La situación es muy grave: importantes industriales colombianos —supuestamente consentidos por el régimen— están a punto de quebrarse por cuenta de las pésimas relaciones del gobierno colombiano con Chávez y Correa.

 En abril el periódico El Tiempo publicó una encuesta entre exportadores colombianos para saber cuál era su situación comercial con Venezuela y Ecuador. El resultado debería haber prendido las alarmas en el Gobierno, pues el 64,5 de colombianos que tienen negocios con Venezuela aseguraron tener algún tipo de problema, mientras el 36,1 de industriales colombianos que tienen relaciones comerciales con Ecuador afirmaron que tenían barreras para el desarrollo normal de su actividad. Hoy, cinco meses después, la situación en lugar de mejorar ha empeorado; la exportación a Venezuela y Ecuador de calzado, confecciones, vehículos y electrodomésticos está reventada.

Los asuntos diplomáticos han sido manejados a las patadas por cuenta de la mezcla explosiva producida por la arrogancia del arriero y la estupidez del cachaco. La mixtura entre Uribe y el canciller Bermúdez ha convertido las relaciones internacionales de Colombia en un chiste mal contado y, como si fuera poco, hace tambalear la actividad exportadora.
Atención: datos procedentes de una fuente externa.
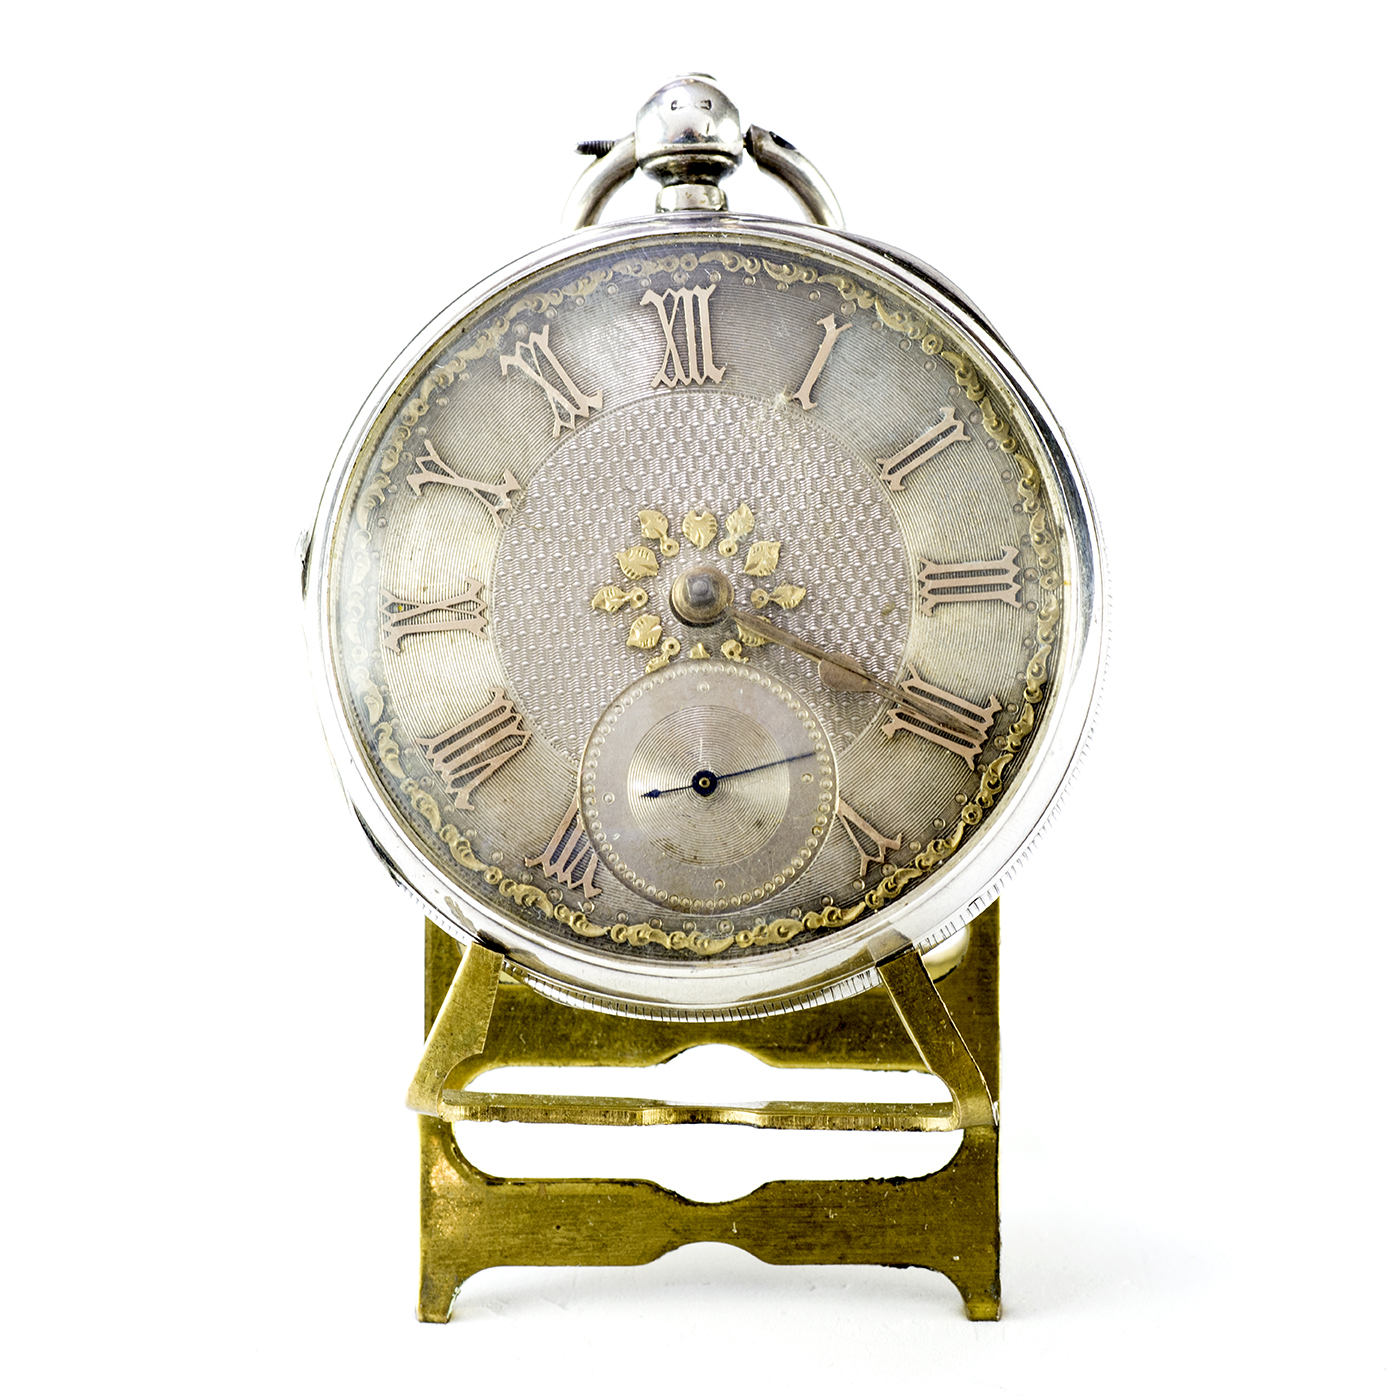 JAMES REID & Co. Reloj de bolsillo inglés, lepine, Half Fusee (Semicatalino). Londres, 1885.

Hasta un estudiante de primer año de relaciones internacionales sabe que aquí los clientes claves para la venta de cientos de productos colombianos son Venezuela y Ecuador.

Al Canciller, a diferencia de su locuaz jefe, le cuesta trabajo poner dos palabras juntas. Y cuando lo hace, pone cara de bruto con ínfulas y mirada trascendental; me imagino la risa que les produce nuestro Canciller a los zorros de Chávez y Correa, quienes sin duda alguna vuelan con los motores apagados. Tiene suerte el canciller Bermúdez de no vivir en un país civilizado en donde, con razón y debido a sus limitaciones, lo tendrían en un centro para personas con necesidades especiales.

Me da pena comparar, pero pasar uno de ex cancilleres como Indalecio Liévano, María Emma Mejía, Julio Londoño, Carlos Sanz de Santamaría o Carlos Lemos al genio de Bermúdez, es como pasar uno de la mula al Porsche sin haber antes aprendido a manejar, así fuera en un Renault 4.

No se sabe después de que acabe este gobierno qué quedará más desprestigiado, si la Casa de Nari o el otrora respetable Palacio de San Carlos por cuenta de Bermúdez.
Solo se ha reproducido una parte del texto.